ISAKOS: 2023 Congress in Boston, MA USA

2023 ISAKOS Biennial Congress ePoster

 

Design, Construction, And Early Results Of A Formal Local Revision Hip Arthroplasty Registry

Christopher J. Wilson, A/Prof, MBChB, MRCS, FRACS, PhD, Adelaide, SA AUSTRALIA
Ben Piotrowski, MD Student, Highbury, SA AUSTRALIA

Flinders Medical Centre, Flinders University, Adelaide, South Australia, AUSTRALIA

FDA Status Not Applicable

Summary

. The aim is to evaluate the performance of our local hospitals against the national standard to improve patient outcomes and care. Our research shows that the use of a standardised diagnostic algorithm was instrumental in improving our surgical outcomes for hip revision arthroplasty.

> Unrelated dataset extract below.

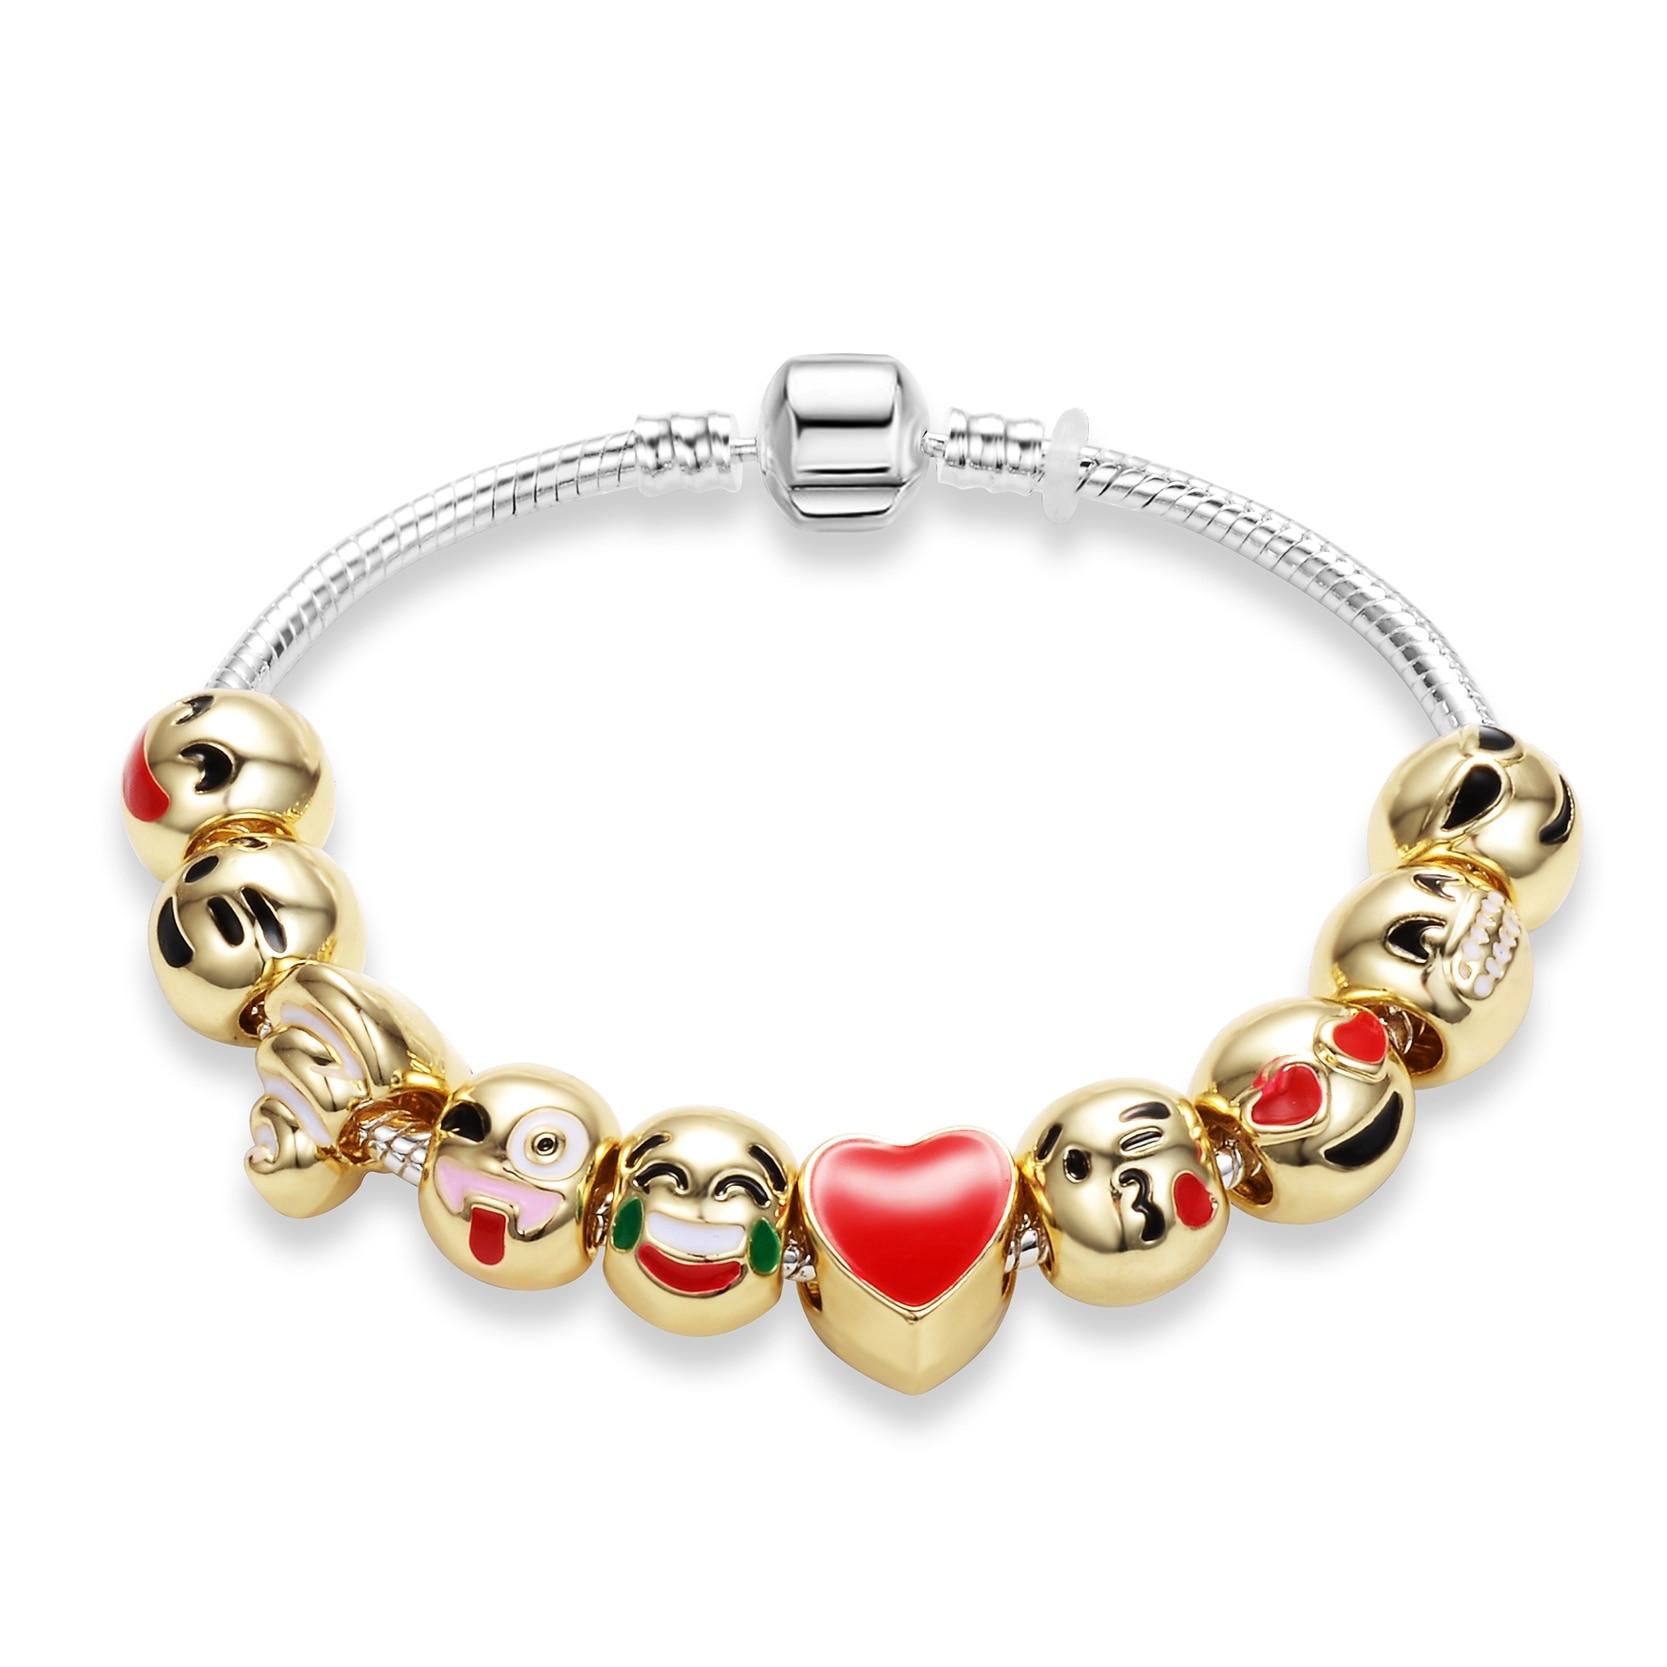 Fashion Diy Emoji Charm Bracelet Love Heart Animal Sterling Silver Jewelry  Golden Color Beads Snake Chain Bracelet For Women

ePosters will be available shortly before Congress

Abstract

National Registries for arthroplasty surgery have been successful in improving outcomes and quality control by large scale data collection and analysis. Data from the national registry has suggested room for improvement in our local revision hip arthroplasty outcomes. Using this data we have a standardised diagnostic and management pathway for revision hip arthroplasty combined with a local revision hip arthroplasty registry provides granular data applicable to our local hospitals. The aim is to evaluate the performance of our local hospitals against the national standard to improve patient outcomes and care. This is achieved through comparing data of revision types, revision diagnosis and incidence of revisions performed.
In our centre in 2014 we introduced a standardised diagnostic algorithm for hip revision arthroplasties. From December 2014 to December 2020, our centre applied the algorithm to all cases of revision hip arthroplasty and investigated their indication. This data was then compared with the results procured from the with Australian Orthopaedic Association National Joint Replacement Registry.
The primary outcome of our research was used to compare hip revision arthroplasty at our centre pre and post the algorithm intervention whilst simultaneously comparing against national standards. The secondary outcome was to analyse the re-revision rates of hip arthroplasty’s pre and post intervention and locally vs nationally. Re-revision rates was used as a proxy of the success of our initial revision surgeries. Finally, our third outcome was to analyse the propensity of our centre to perform more minimally invasive hip arthroplasty procedures.
When comparing with historical local data, the diagnosis of “Loosening” decreased (25.0% vs. 14.1%), “Infection” had increased (23.2% to 29.6%) and “Fracture” had increased (12.5% to 18.5%). Additionally, Our Centre improved our proportion of “minimally invasive” revision types from 25.7% to 40.7%. When comparing our historical data to national standard at 8+ years since the primary procedure, our centre was 28% more likely to perform hip revision arthroplasty (HR = 0.72).
Our historical data showed a higher rate of re-revision hip surgery compared to the national average. After implementation of our diagnostic pathway the re-revision rate fell to below national average and the reduction was significant. (p=0.047)
Our research shows that the use of a standardised diagnostic algorithm was instrumental in improving our surgical outcomes for hip revision arthroplasty. We have increased our use of more conservative revision surgery and our rates of re-revision surgery have significantly reduced.